Description of the task:
Take the entries below and reproduce exactly the portion that begins at the line containing "Новогодняя сувенирная фигурка" and ends at the line containing "Πετσέτα Σώματος (70x140)", keeping both ends, dropping pictures, and adding nothing else.

Task material:
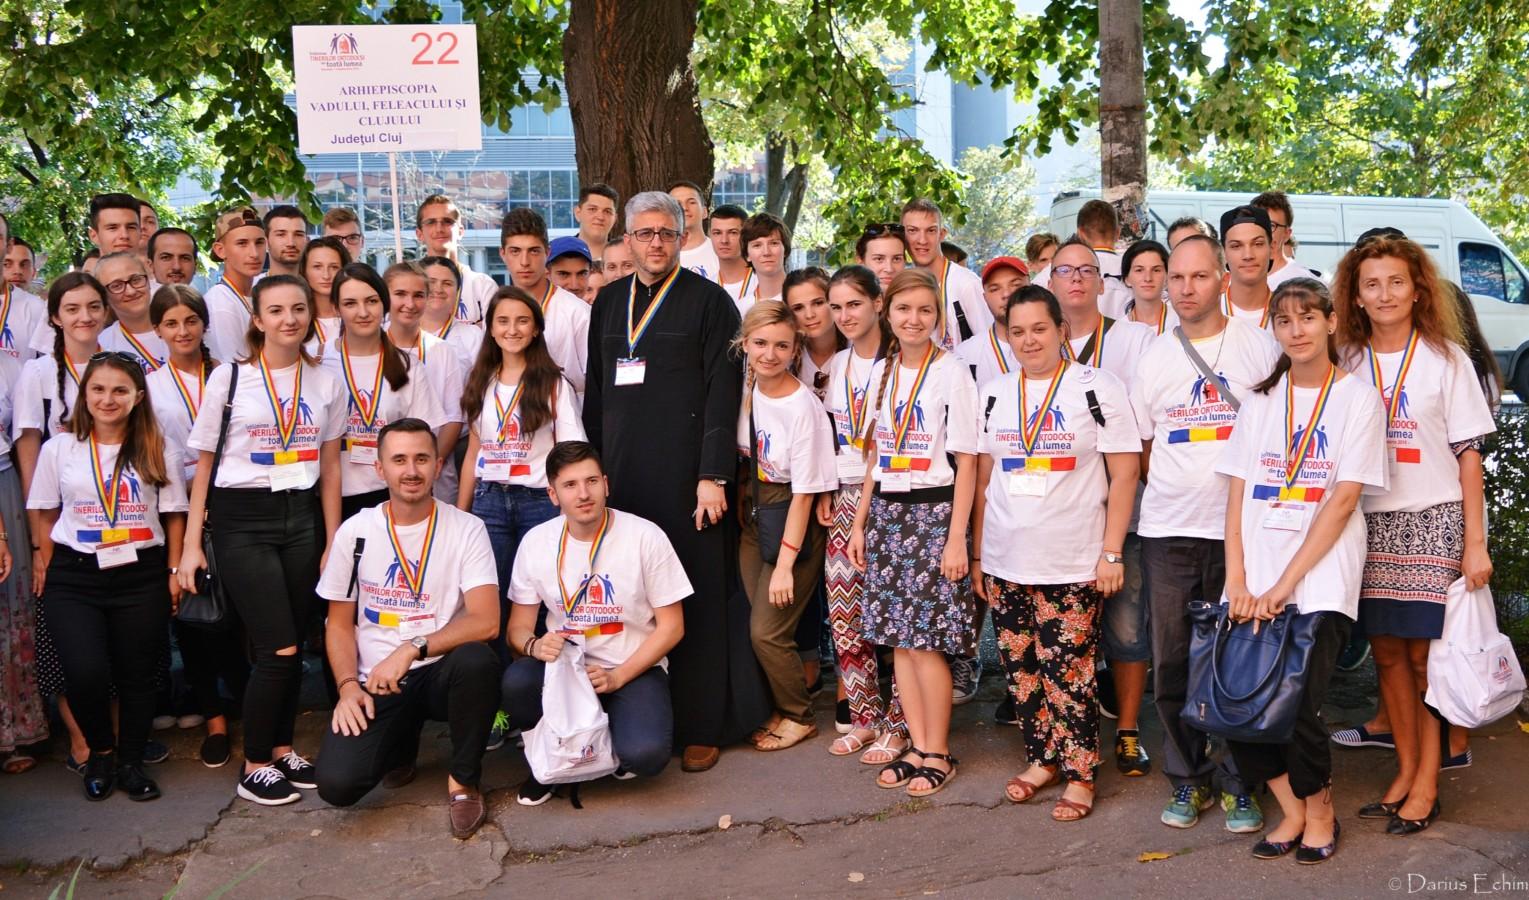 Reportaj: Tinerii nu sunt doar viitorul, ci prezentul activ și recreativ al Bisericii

* * *

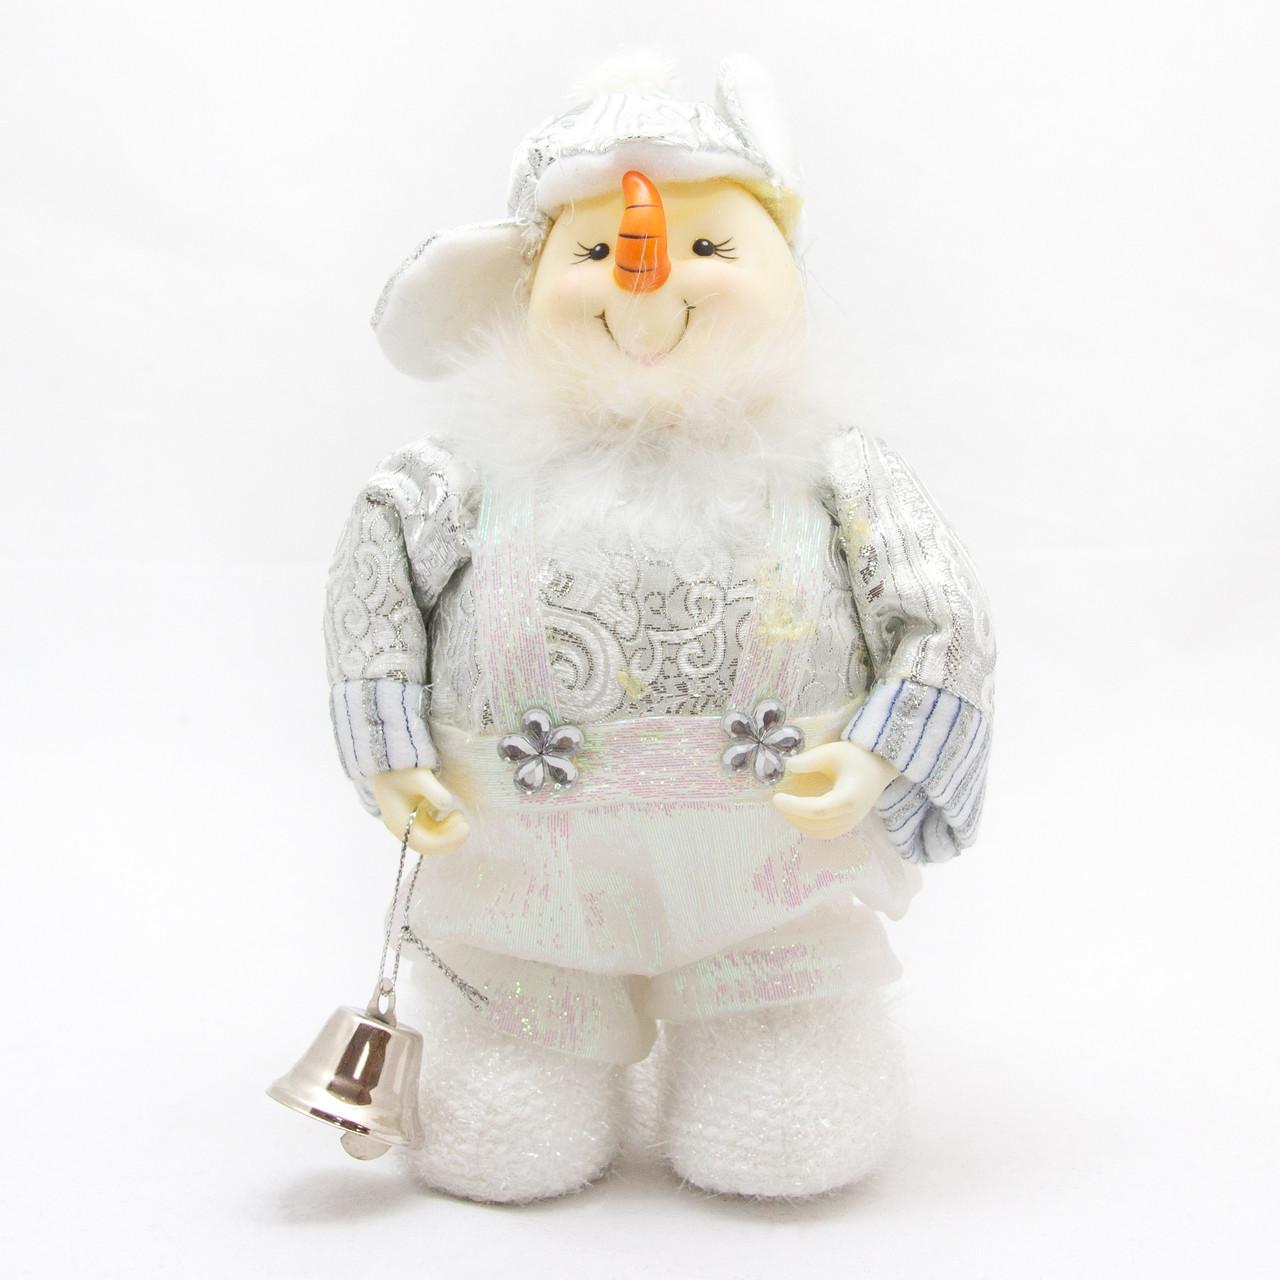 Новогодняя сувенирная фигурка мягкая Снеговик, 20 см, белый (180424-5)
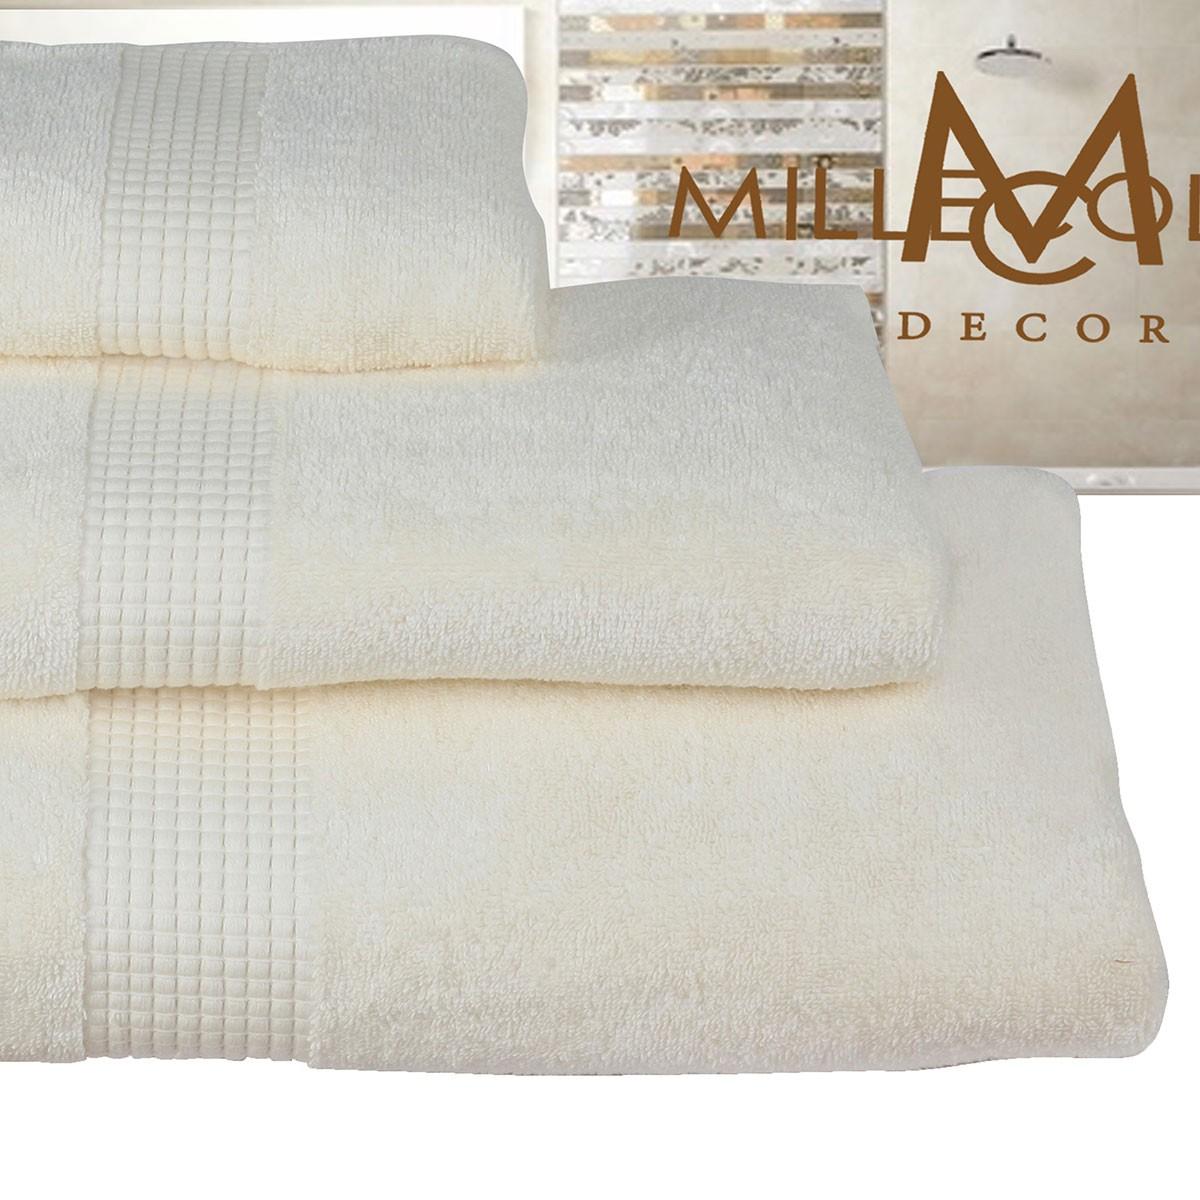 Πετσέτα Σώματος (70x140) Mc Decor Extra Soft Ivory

Task result:
 Новогодняя сувенирная фигурка мягкая Снеговик, 20 см, белый (180424-5)
 Πετσέτα Σώματος (70x140) Mc Decor Extra Soft Ivory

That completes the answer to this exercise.